§ **Work request**: Leaving out the images, reproduce every line of the data that follows exactly.

§ **Dataset section**:
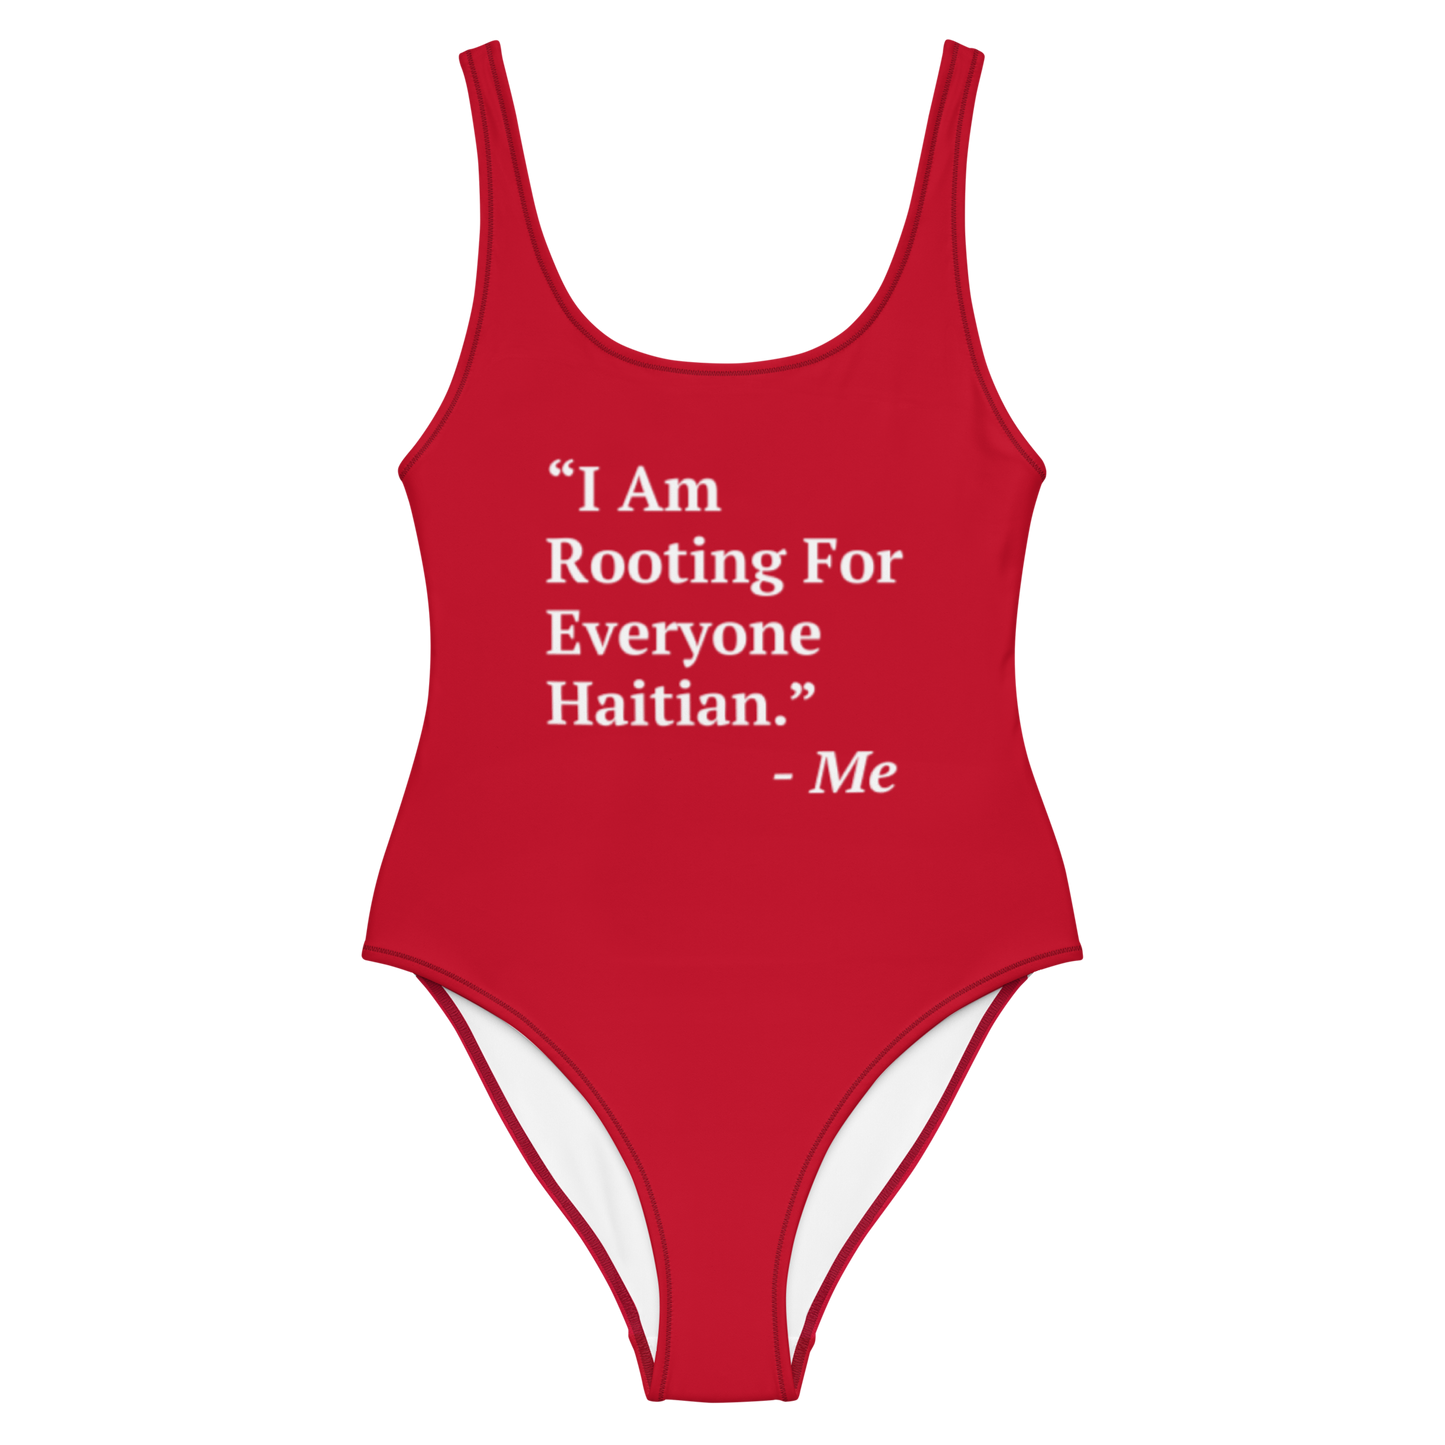 I Am Rooting: Haiti One-Piece Swimsuit
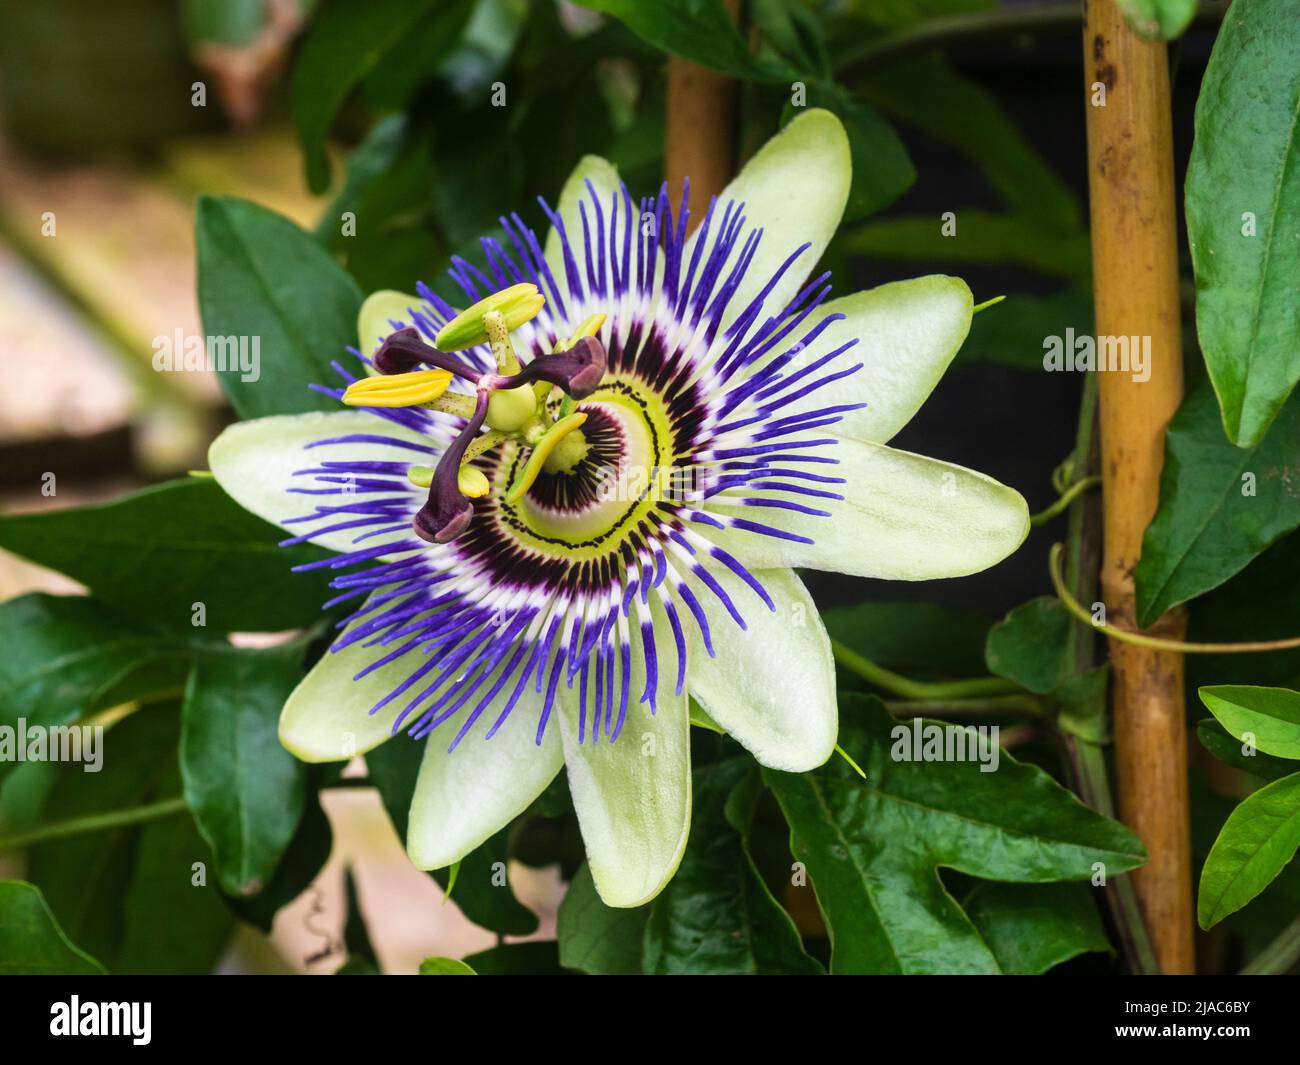 Ornate blue and white flower of the exotic tendril climbing passion flower, Passiflora caerulea Stock Photo
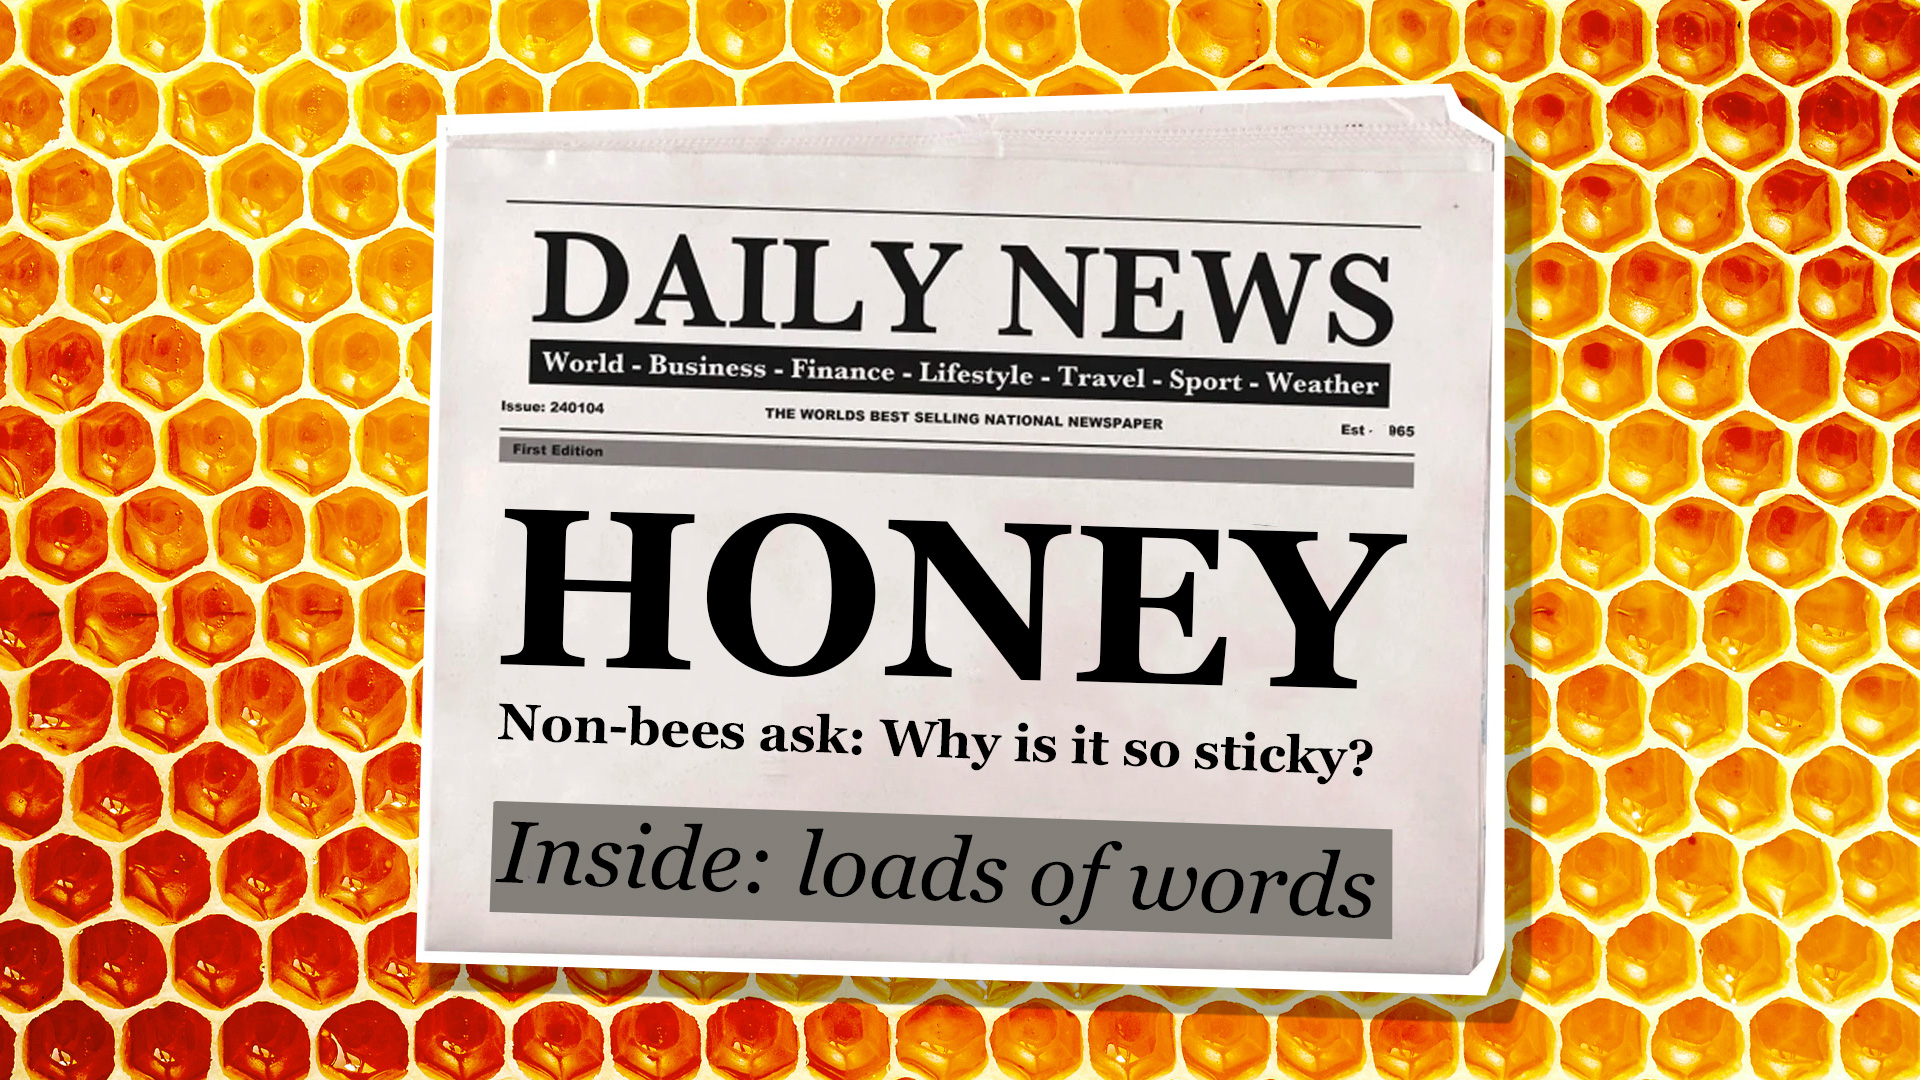 A bee-themed newspaper

§ **Answer section**:
 I Am Rooting: Haiti One-Piece Swimsuit
 Ornate blue and white flower of the exotic tendril climbing passion flower, Passiflora caerulea Stock Photo
 A bee-themed newspaper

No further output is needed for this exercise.